Irkve Milliyetçilik: Yönetenlerin elindeki büyülü âsâ... ezilenin hıncını, ezenin gösterdiği hedef gibi işaretlenmiş bir yanlış gazaba dönüştürmeyi sağlayan mucizevî iksir...
Aryen fantazmının, ırkçılık ve milliyetçiliğin başladığı miladi bir çağ olmamıştır. Ama soy/ırk/milliyet kavramlarının, çeşitli
dönemlerde yönetenler ve felsefî ideolojiler aracılığıyla akılcılaştırılarak hepsi de aynı kategorik etkileri ve sonuçları
doğuran kullanışlı ideolojik biçimlere sokulduğu doğrudur.

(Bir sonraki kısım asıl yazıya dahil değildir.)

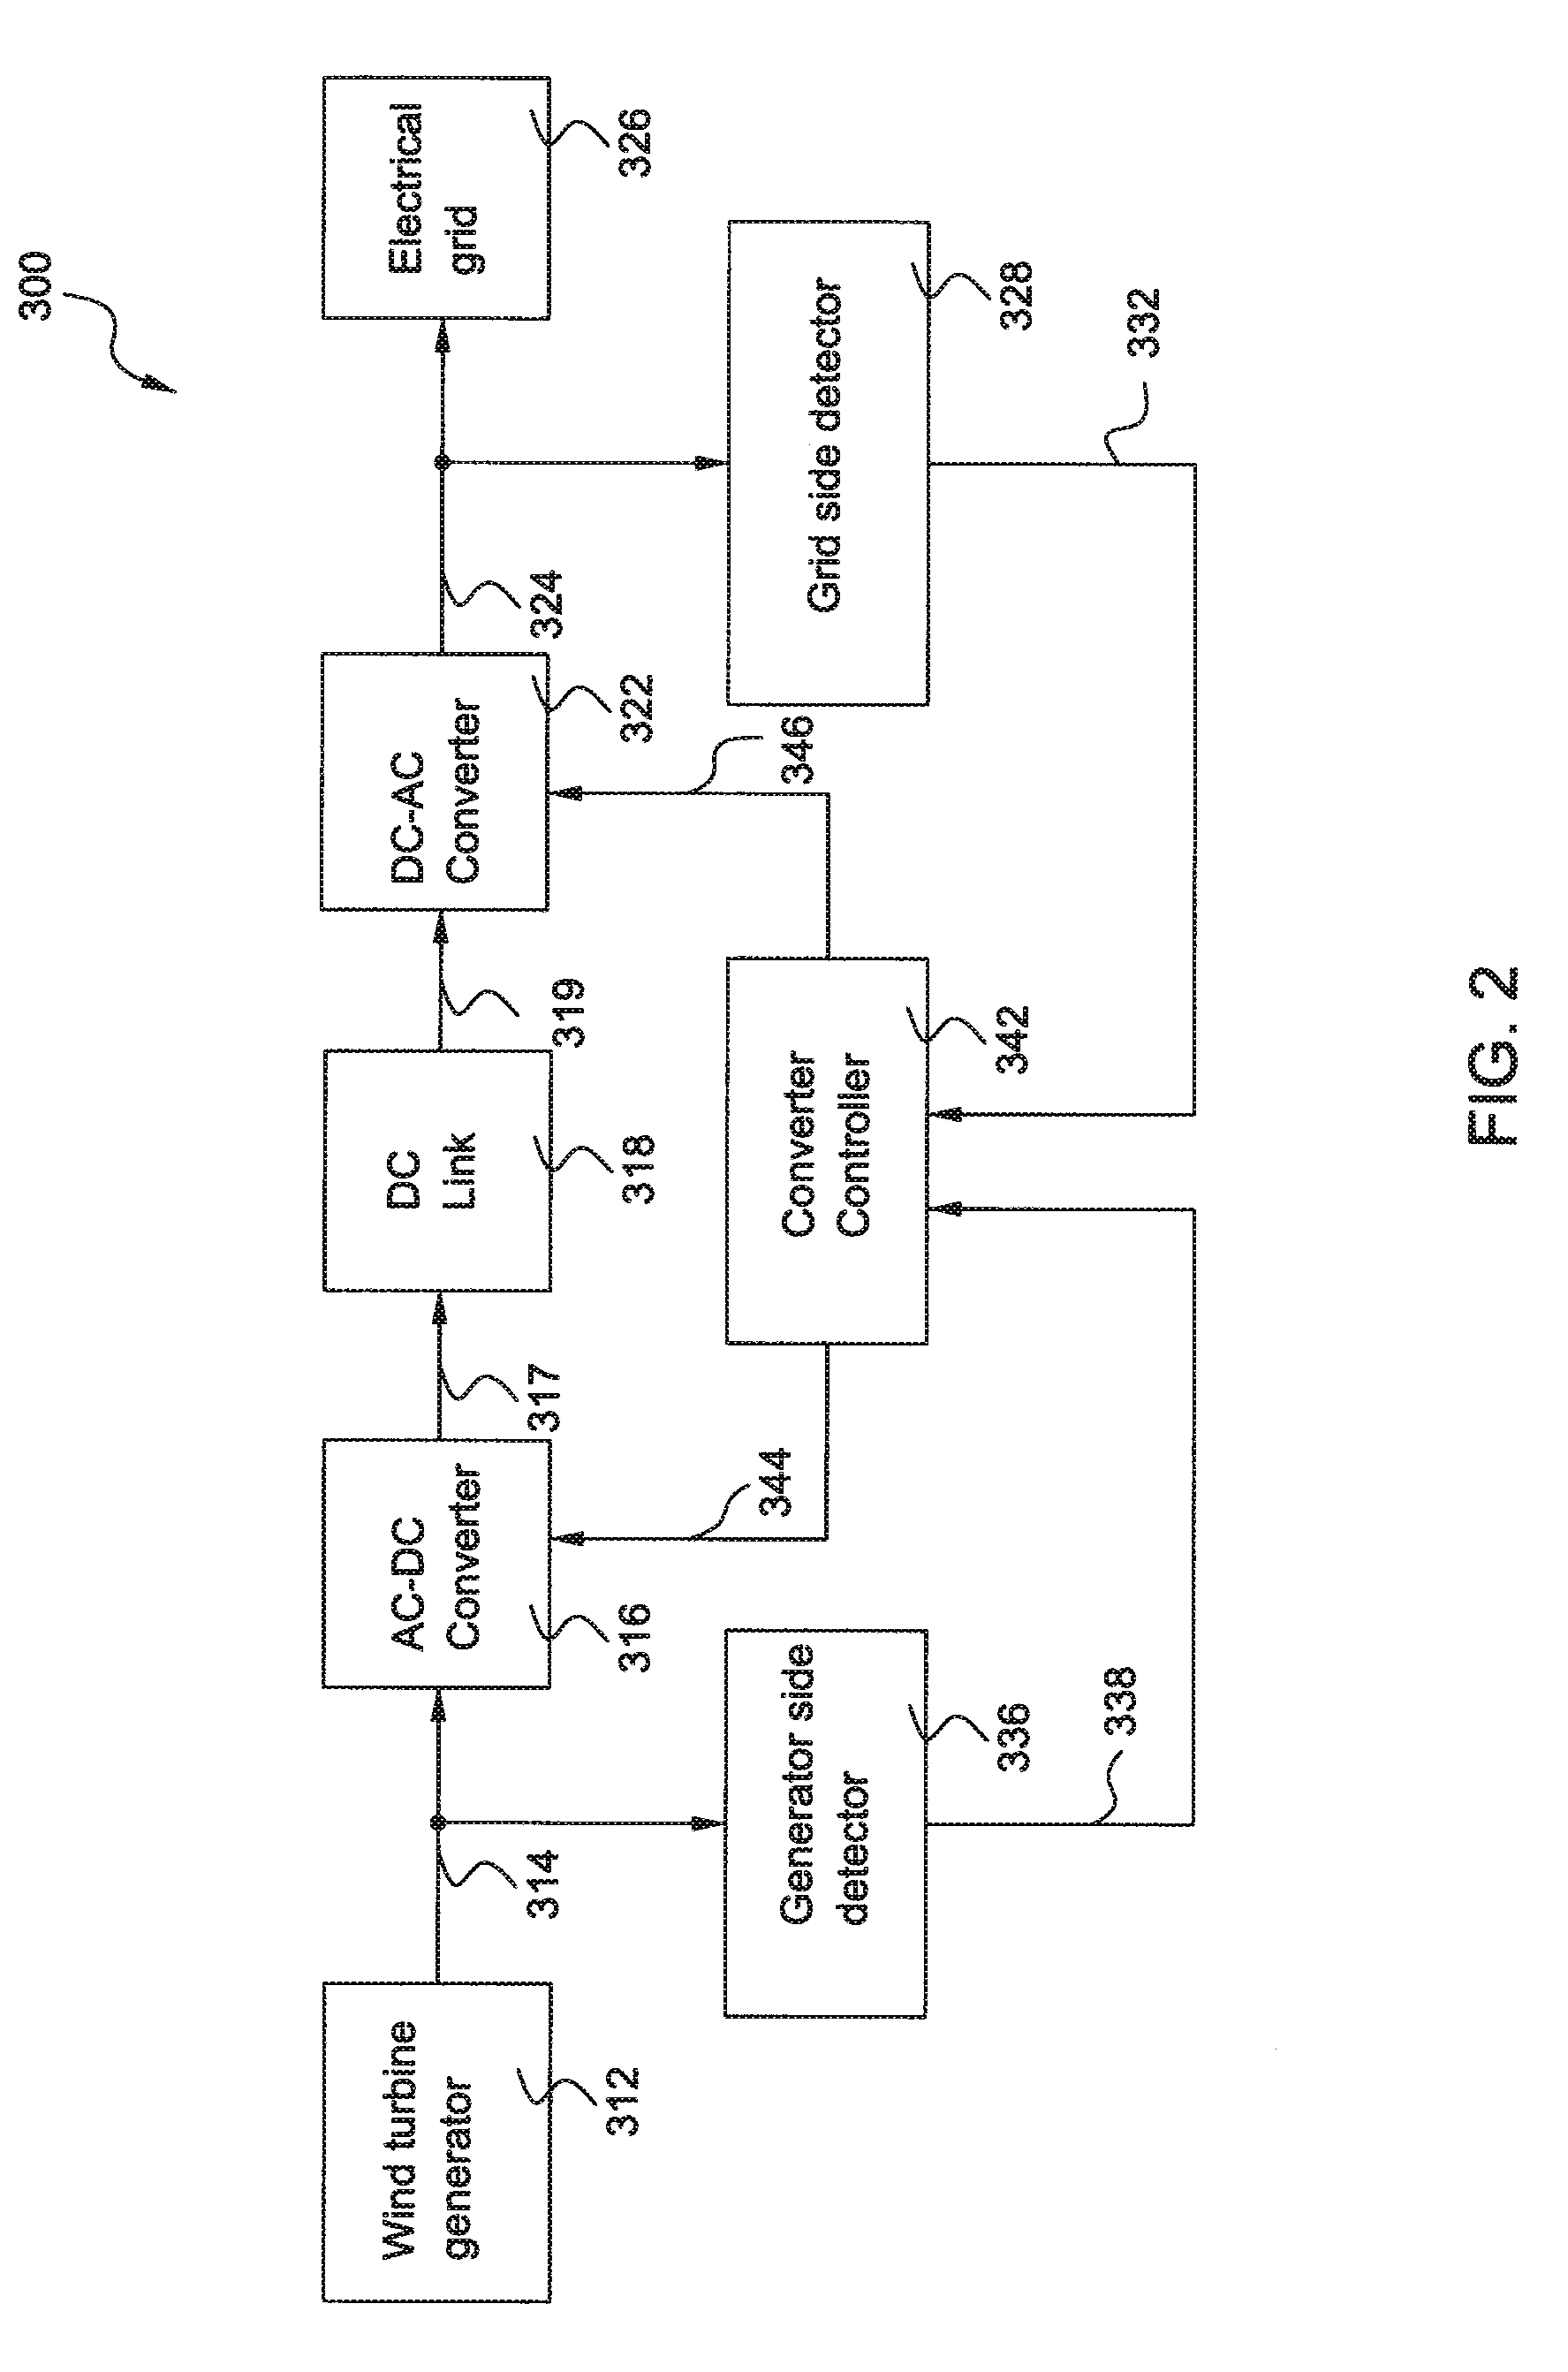 System and method for converter switching frequency control

Antik zamanlarda soy fikriyle, soyluların egemenliği icra ediliyordu. Modern çağlarda ise soylu, mağrur, şanlı, ahlâklı, kahraman ve yüceyi ifade ederek ırkın mensubuna bitimsizmiş gibi görünen birleştirici bir manevi güç veren ırk/millet kavramları, devletin ve egemen düşüncenin bekâsının korunmasında ve yönetilenlerin rızasının üretilmesinde daima
ideolojik mucizeler yaratmıştır.
Peki, bu mucizenin Avrupa'daki karşılığı neydi
Irkçılık ve milliyetçiliğin üzerine inşa olunduğu köken mitlerinin tarihyazımları ve felsefelerle birlikte yürüdüğünü söyleyen
Poliakov, tarihsel olguları inceleyerek mitlerin değişik ideolojik kılıflar karmaşası altında modern ekonomi-toplum ve devlette hâlâ nasıl işlediğini gösteriyor.
Bu çalışma, adım adım kapitalist moderniteyi üreten ırkçı-milliyetçi zihin yapısının modern Avrupa uygarlığının “evrensel“ kazanımları ve armağanları olarak görmeye alıştığımız, Hümanizm, Aydınlanma, akılcılık ve hattâ “bilimsel düşünce“ gibi öz niteliklerinin organik bir meyvesi olduğu tezini oldukça ikna edici kanıtlarla ileri sürüyor.